If almost every business and product solves an imaginary need, imagination is the thing that must be shaped to grow your business. There are millions of companies that sell carpet, glass, lawn ornaments, and coffee cups because they know an imagined need exists for such things. I can drink coffee out of anything that holds liquid. I don’t need a coffee cup. I just believe I do. An imagined need must be created for your specific business, or it will fail, and herein lies your marketing strategy. Your company must decide how it will take the established imaginary need for its product and influence it to become a specific imagined need for your specific company’s product.

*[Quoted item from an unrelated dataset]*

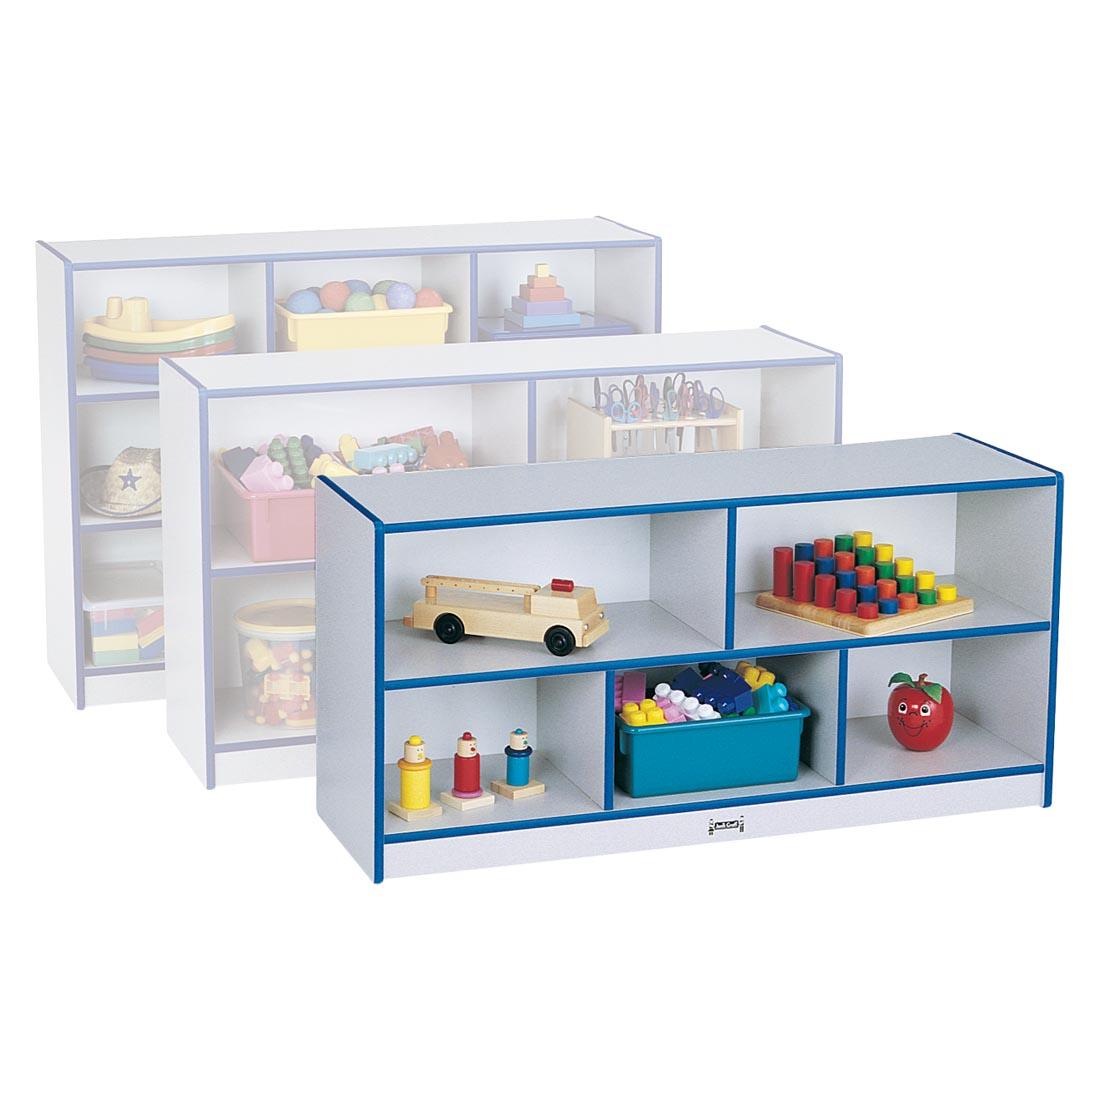 Blue Edge Rainbow Accents Single Mobile Storage Unit Toddler Height with two other shelves shown behind for scale; suggested storage contents also shown

It’s easy if you own a company like Facebook. Facebook solves a ton of imaginary needs, and does it better than everyone because it has convinced us to imagine a world where we can be in constant contact with every person we know on earth. We certainly don’t have an objective need for this, but we’ve chosen to participate in the farce. Another company can copy Facebook, but we can’t imagine leaving Facebook for a competitor because enough of us have bought into the idea that we NEED it to perform the tasks it facilitates. We don’t of course, and if we stopped believing that tomorrow, Facebook would go out of business.
 

To grow your business, you must identify and understand how these imaginary needs came to be, how people think and act on these imaginary needs, and how you can influence their imagination in a way that leads them to purchase your product or service.

Your company exists because you and others imagine it does. It doesn’t need to exist, and likely won’t if we look far enough into the future. The success of your business relies entirely on your ability to make others believe in your company and your product, despite both having no objective reason to exist. Imagine that.